> **Task objective**: From the line containing "Многие люди имеют" down to the line containing "Robert Schumann, Dichterliebe" in the records below, reproduce every line exactly, ends included, and omit all others.
(Data under study)
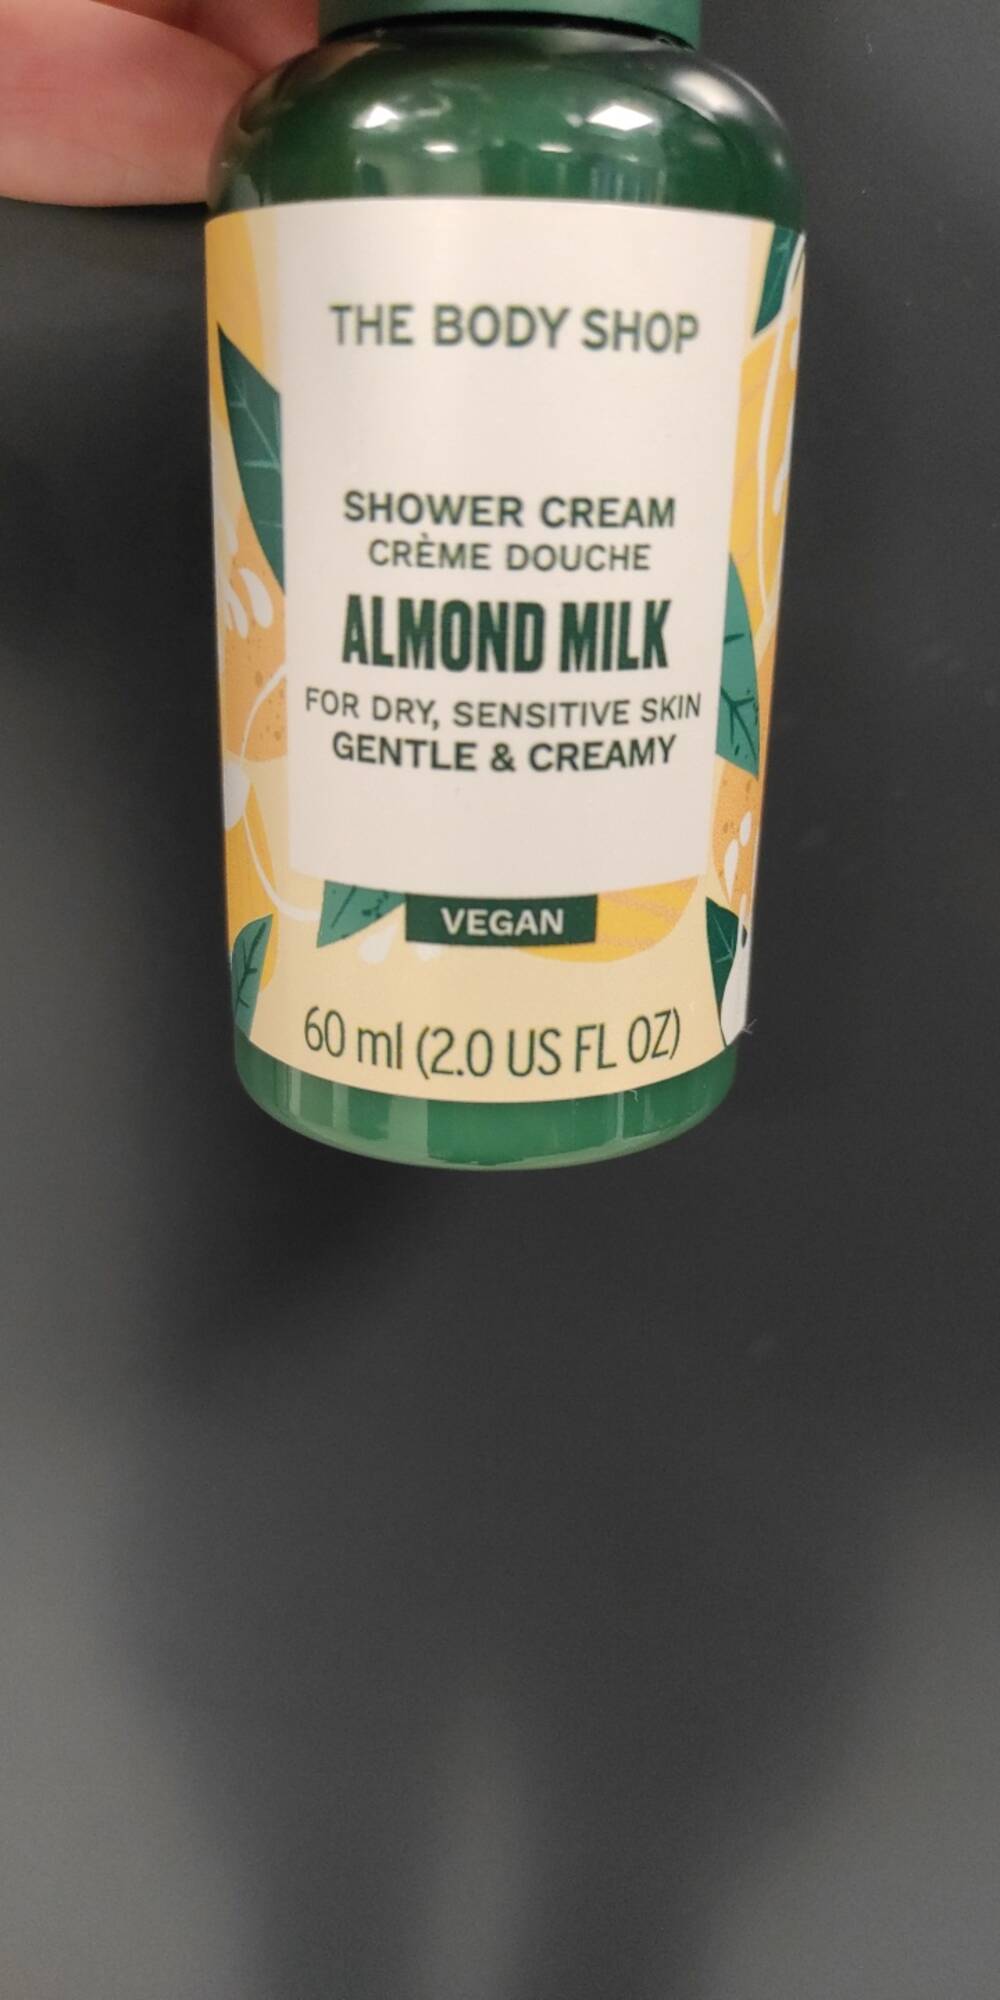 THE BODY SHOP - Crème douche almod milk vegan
(End Data under study)
(Data under study)
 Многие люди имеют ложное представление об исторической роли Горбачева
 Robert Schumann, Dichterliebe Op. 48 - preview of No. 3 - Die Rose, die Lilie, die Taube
(End Data under study)
> **Answer section**:
 Многие люди имеют ложное представление об исторической роли Горбачева
 Robert Schumann, Dichterliebe Op. 48 - preview of No. 3 - Die Rose, die Lilie, die Taube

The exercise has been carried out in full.